● **Task**
At the line containing "5 preuves que", begin an exact copy, and continue through the last line of the entries below. Leave out any pictures.
⁂
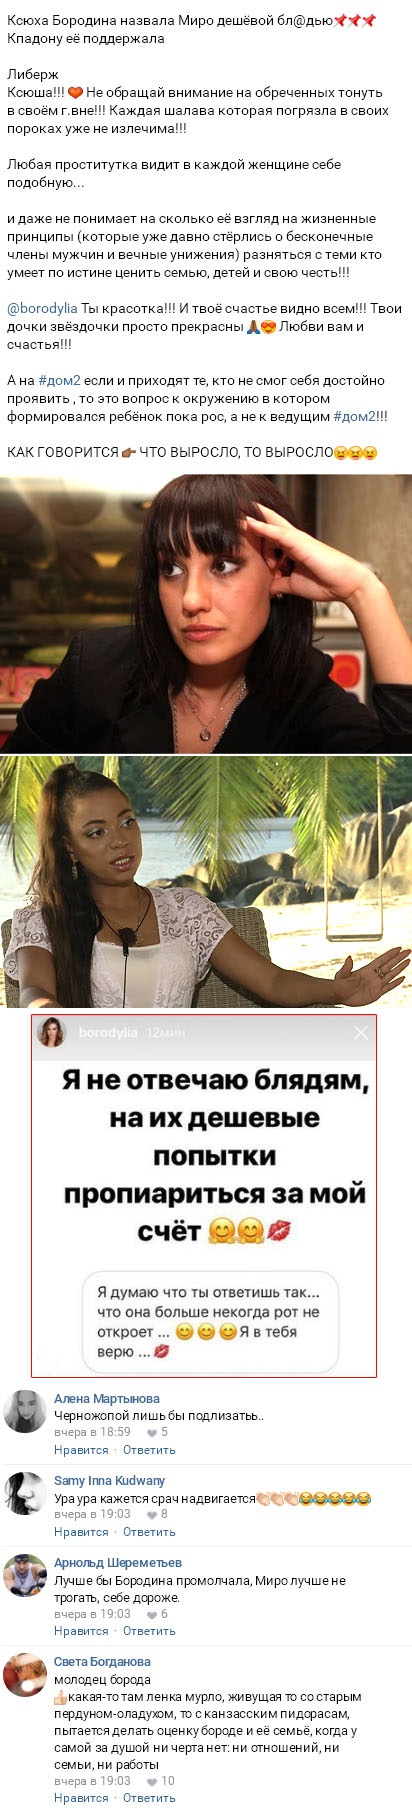 Ксения Бородина не выдержала и покрыла матом Лену Миро
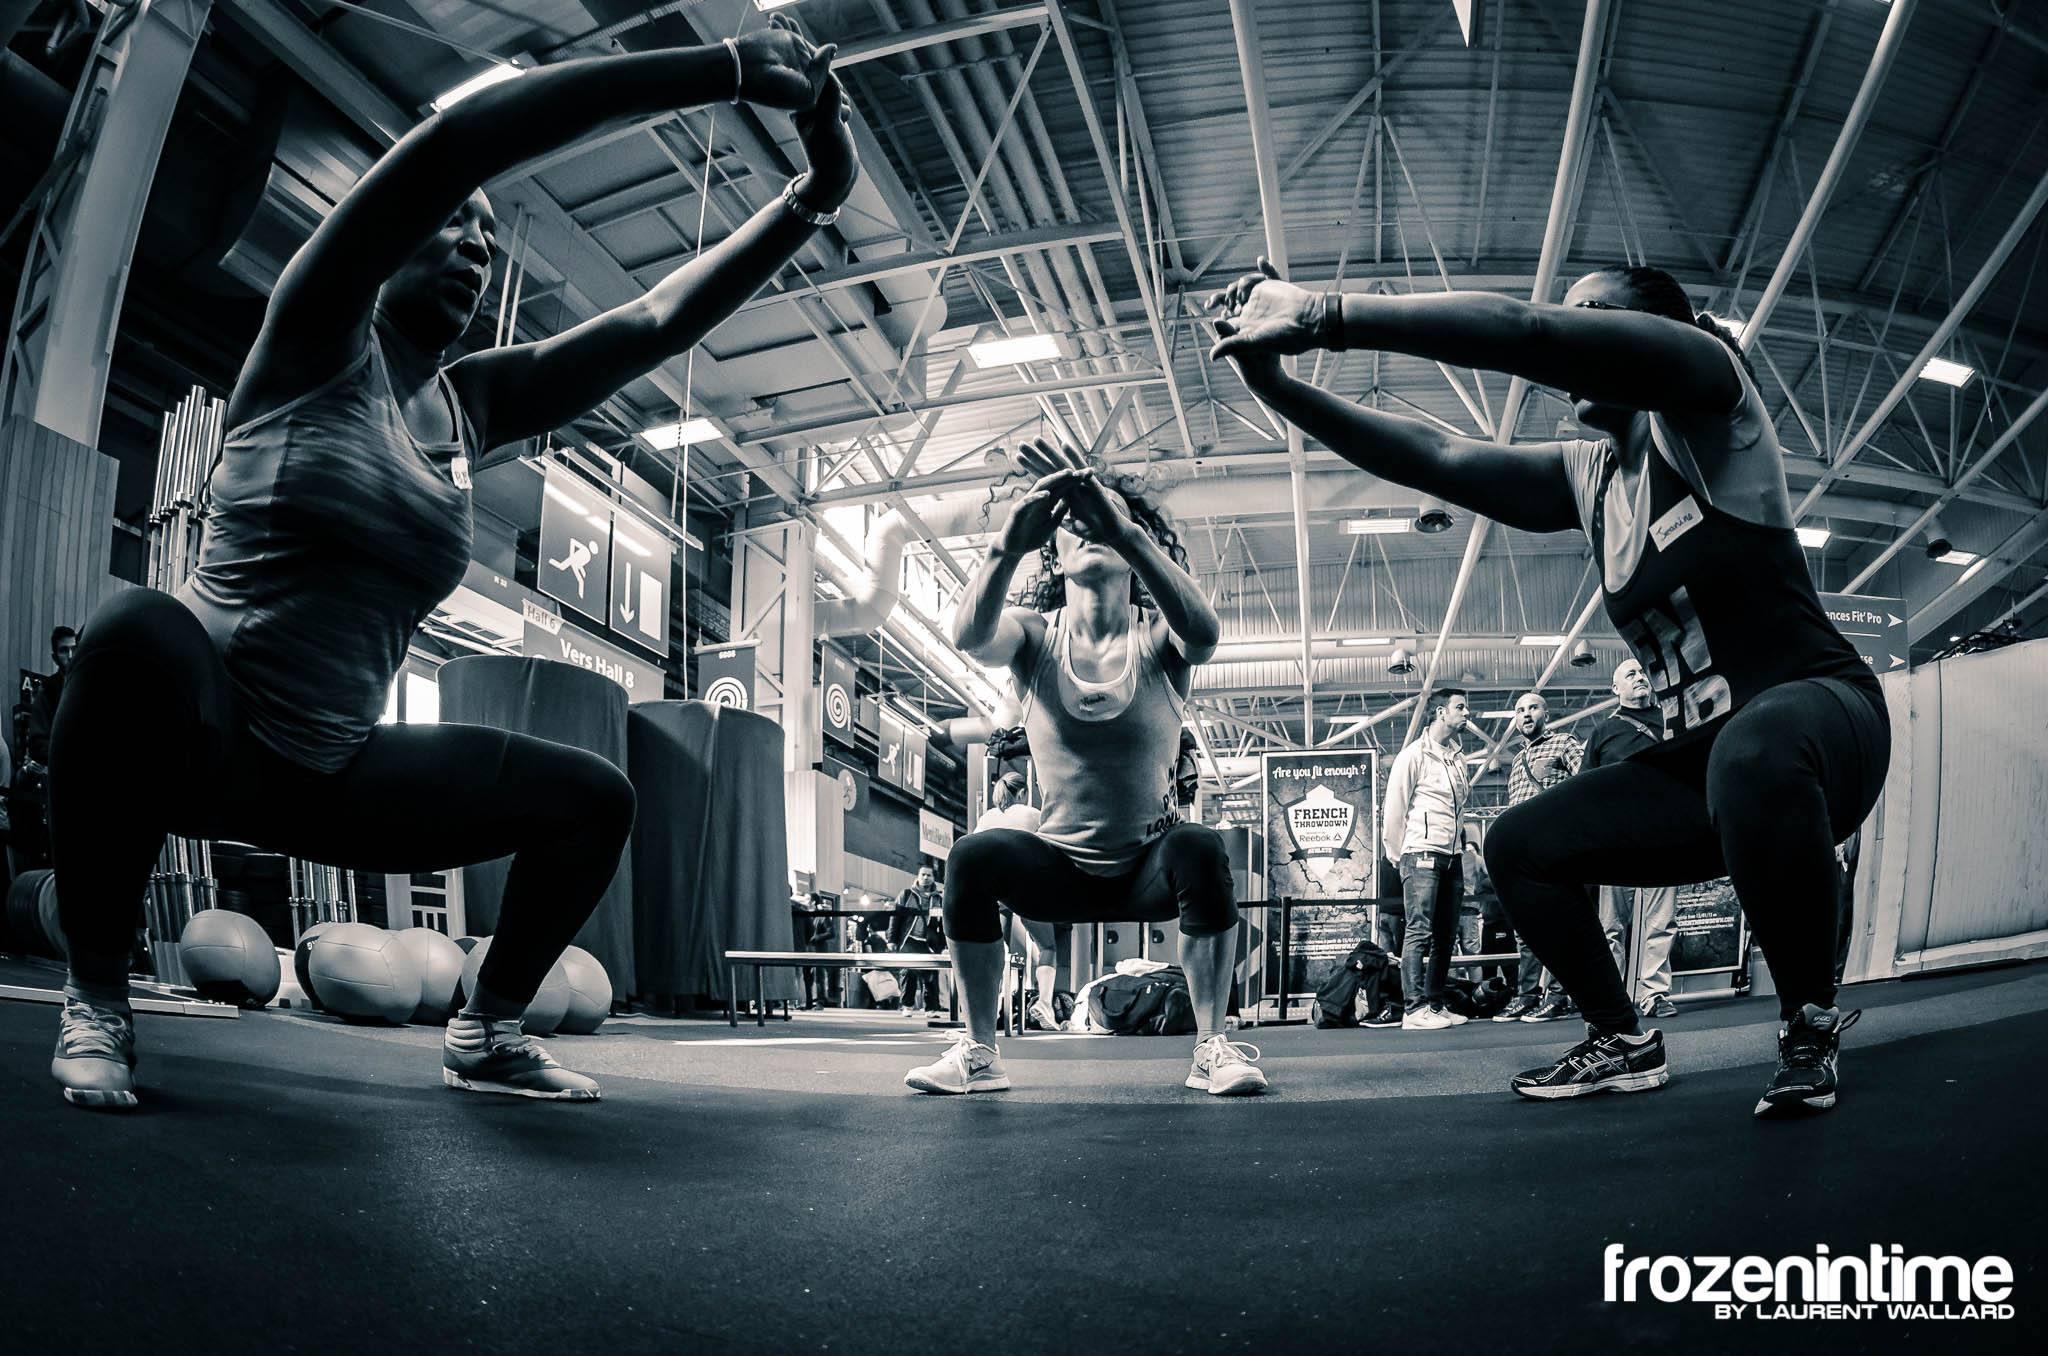 5 preuves que votre entraînement crossfit est efficace dans votre vie de tous les jours
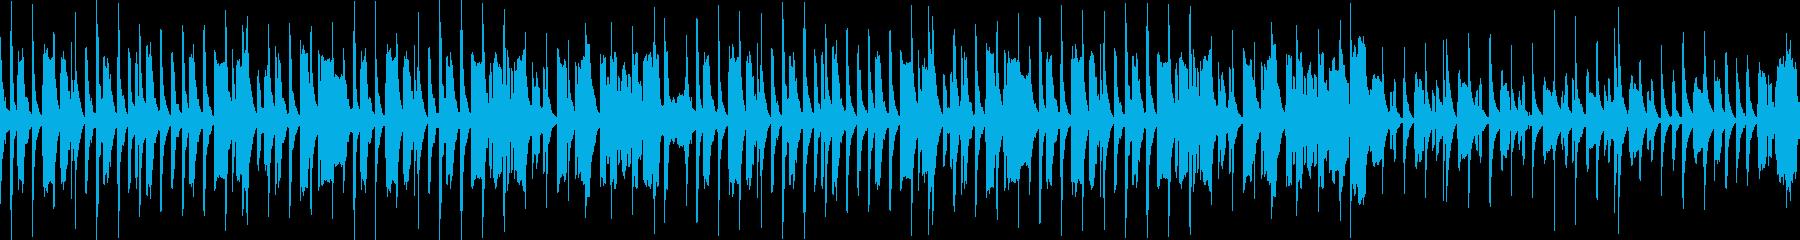 ほのぼのかわいい、のんびりした曲/ループの再生済みの波形
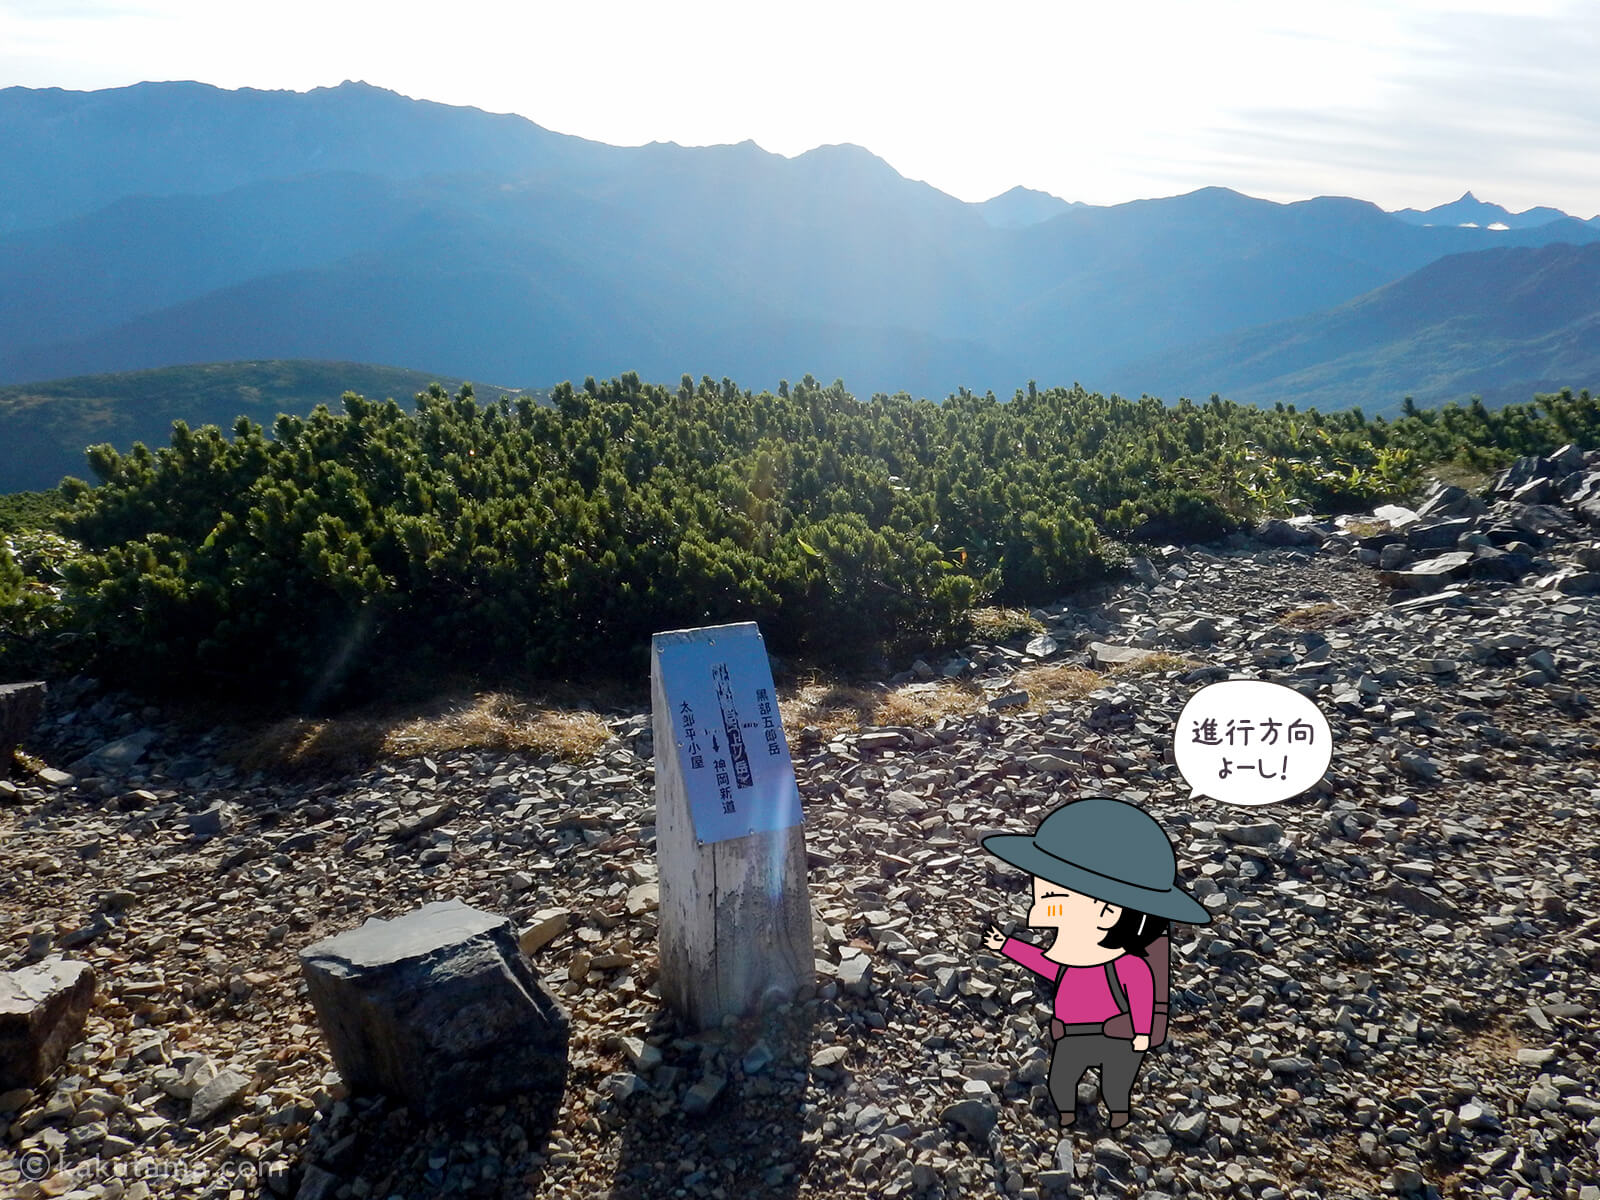 北ノ俣岳の標識
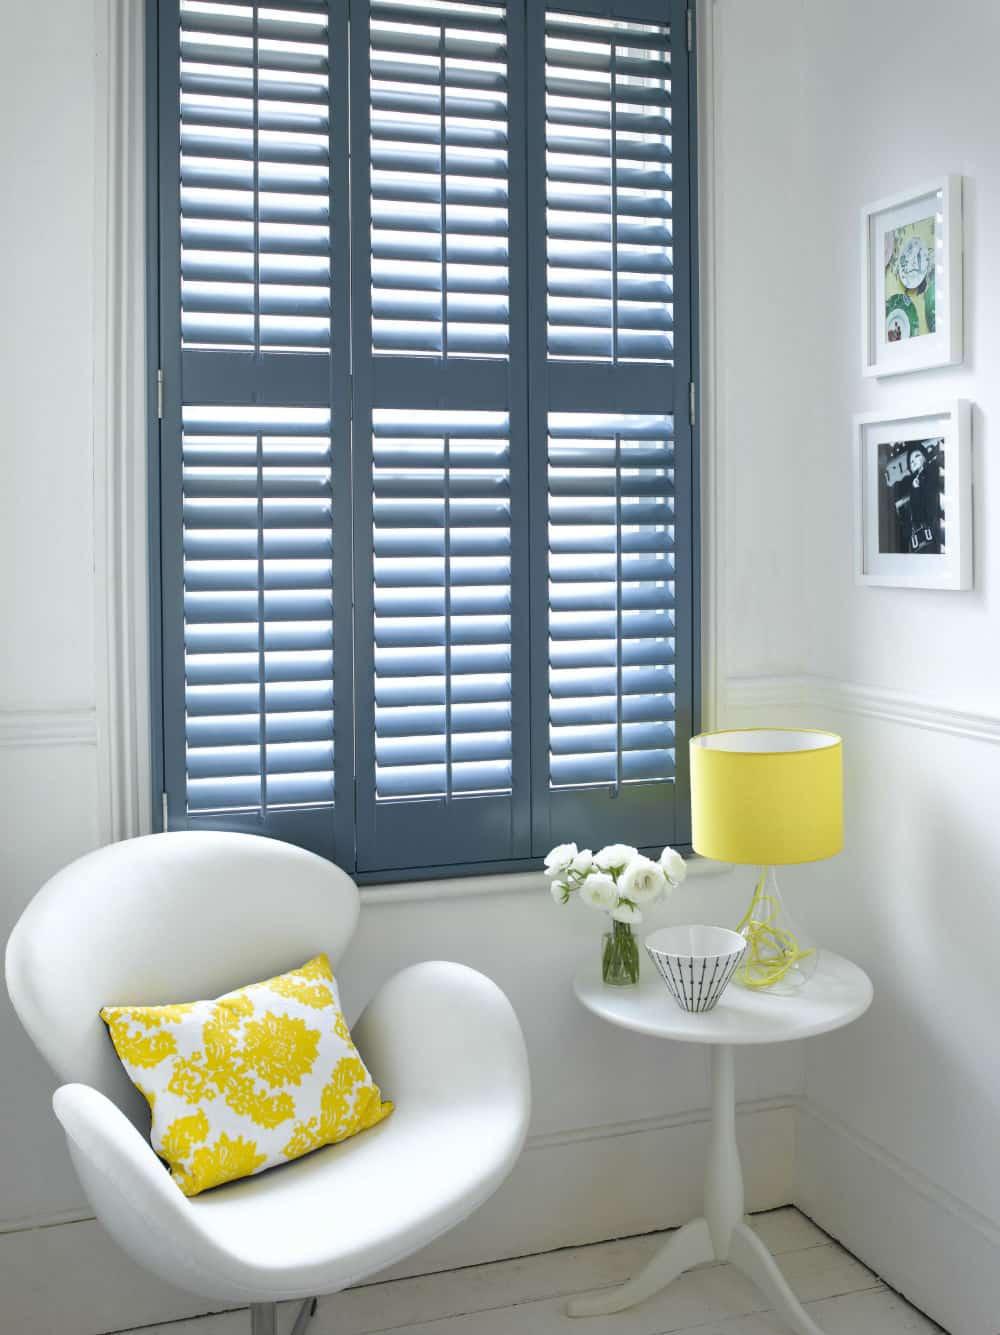 alderley edge window shutters
⁂
● **Answer**
 5 preuves que votre entraînement crossfit est efficace dans votre vie de tous les jours
 ほのぼのかわいい、のんびりした曲/ループの再生済みの波形
 北ノ俣岳の標識
 alderley edge window shutters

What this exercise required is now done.